In less than two hours on Monday, Feb. 23, during the first evening of the three auction sessions on Yves Saint Laurent–Pierre Berge's art collection, a new record has been set for future art auctions, 206.15 millions Euros (265 millions dollars.)
More than 700 works accumulated by Yves Saint-Laurent and Pierre Bergé, his mentor, during their 50 years of common life, were auctioned between Feb. 23 and 25, following the death of the French fashion designer in June 2008. Pierre Bergé explained that keeping their art collection made no sense anymore now that Saint-Laurent had gone. Art lovers had eagerly waited for the date, as shown by the formidable fights between bidders—most of them bidding by phone—which made a past of the former record reached in New York City in 1997, when art works owned by Victor and Sally Ganz where auctioned for a total of 163 millions Euros.
Monday 23rd 's auction, organized by Christie's, was attended by nearly 1,200 bidders and mundane passer-bys. It was dedicated to impressionist and modern art pieces, and the financial result made clear that the economic crisis did not empty all pockets. After a cold bid on the first few pieces, buyers smashed seven world records. For instance, Madame L. R., a sculpture from Constantin Brancusi, was bought for 28.1 million Euros—versus its estimated value of 15 to 20 millions Euros.

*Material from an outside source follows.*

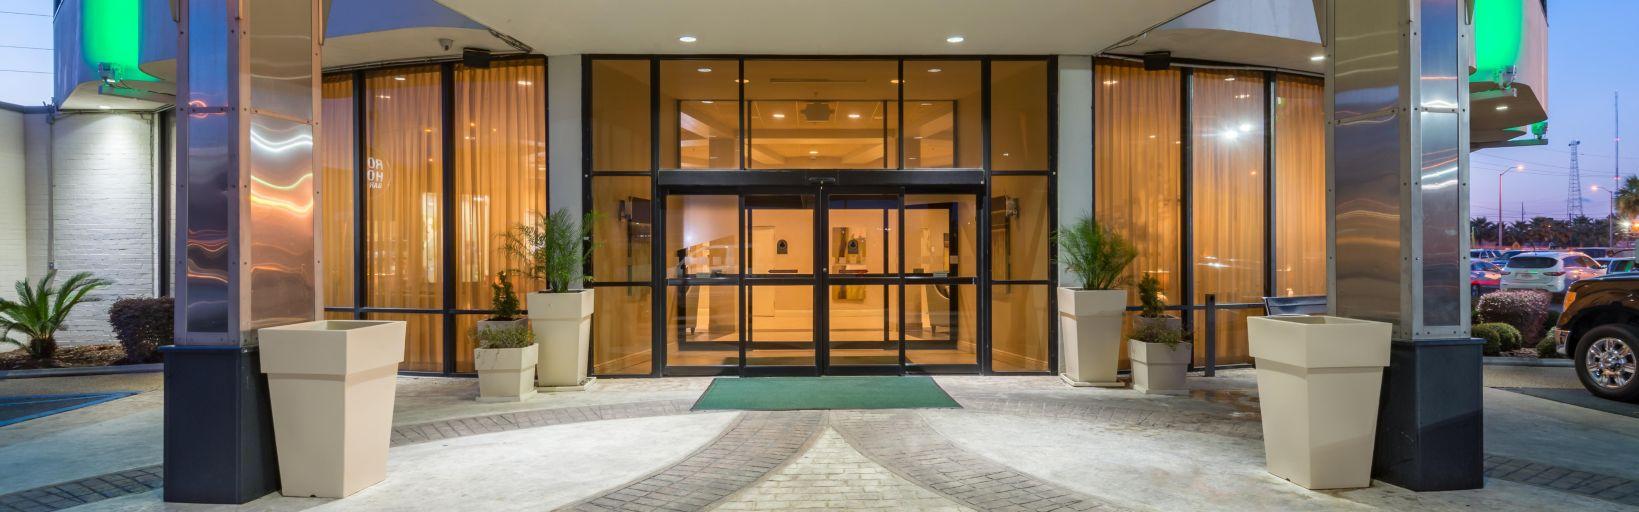 Hotel-Entrance.jpg
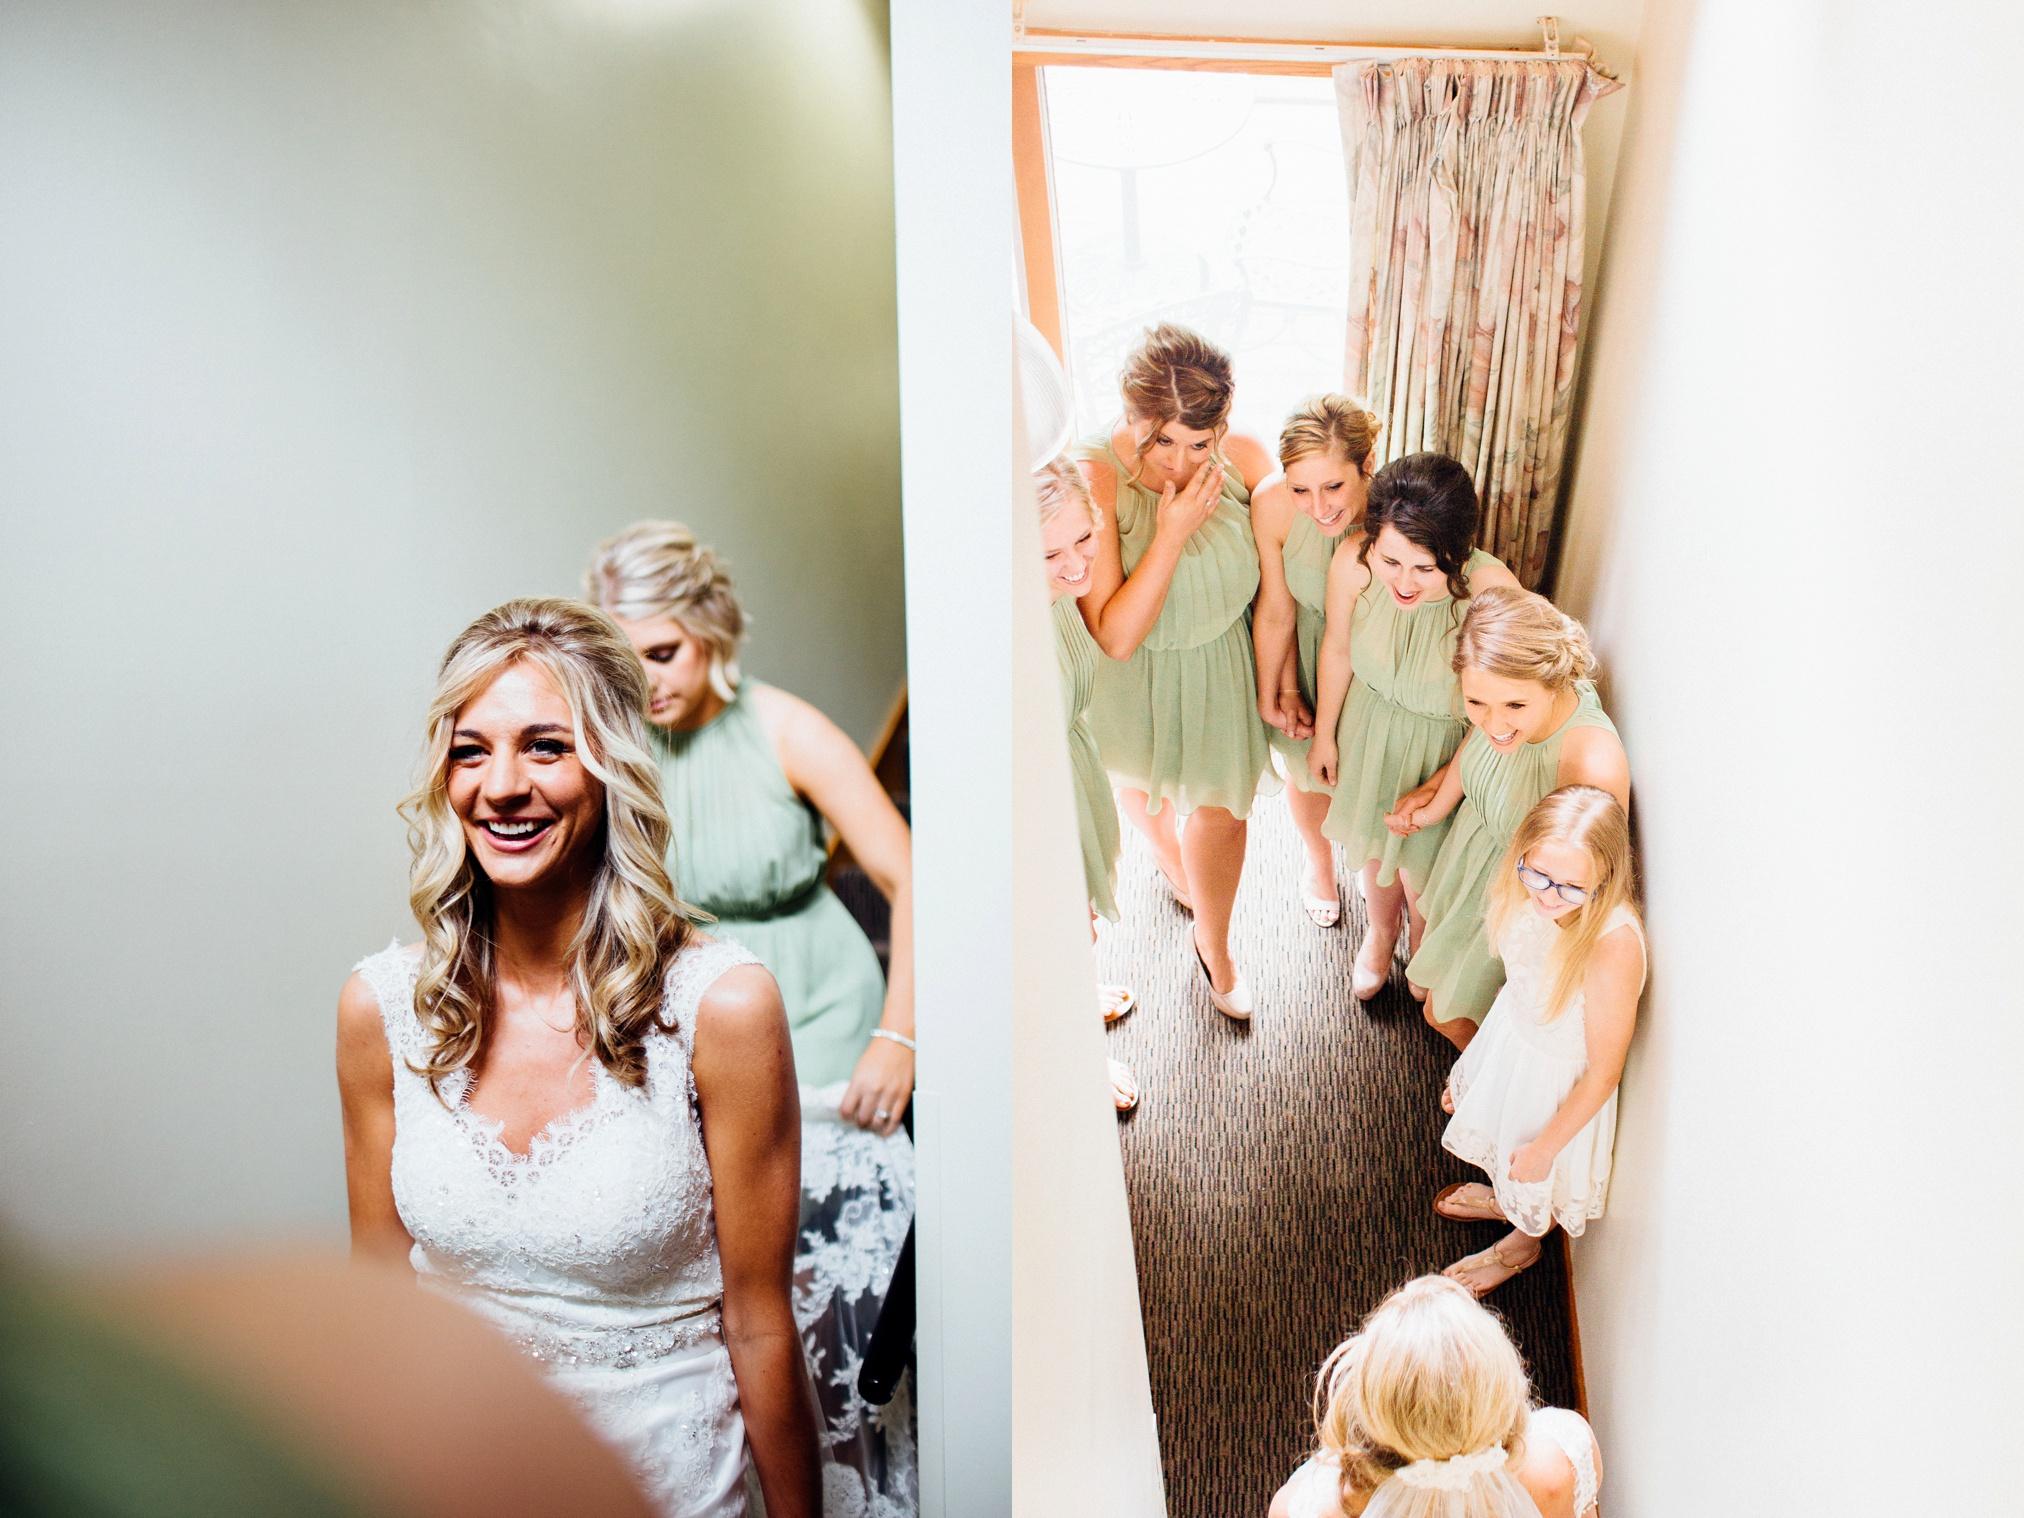 schmid_wedding-85.jpg

Les Coucous, from Matisse, hit 35.9 millions Euros, nearly three times its estimated value of 12 to 18 millions Euros. A perfume bottle designed by Marcel Duchamp and entitled Belle haleine-Eau de voilette, was bought for 7.9 millions Euros, while Composition avec bleu, rouge, jaune et noir, from Piet Mondrian, was sold at 19.2 millions Euros, again two times more than its estimated value.
Among other impressive pieces, a piece from 19th Century French painter Gericault, was bought for 8 millions Euros, the highest price ever for this artist. The Portrait de la comtesse de La Rue from Ingres also did hit a record at 2.1 million Euros.
The auction on Tuesday, Feb. 24, focused on silversmith works, miniatures and home furniture, beating four new records in this category. And finally, on Wednesday, Feb. 25, tens of inestimable antiques, including two bronze Chinese sculptures of a rat and a rabbit head were auctioned. These two works were vehemently claimed by the Chinese regime's delegation in France, whose legal complaint was rejected by French justice on the 23rd of February. Pierre Bergé commented to the media: "I would be entirely open to offer these two works to China, the only thing I would like to ask China as a compensation to respect human rights." A comment that, according to a spokeperson from the Chinese government, is not relevant to the question. But diplomacy is an art, too, and Bergé seems to try to auction this in a different way.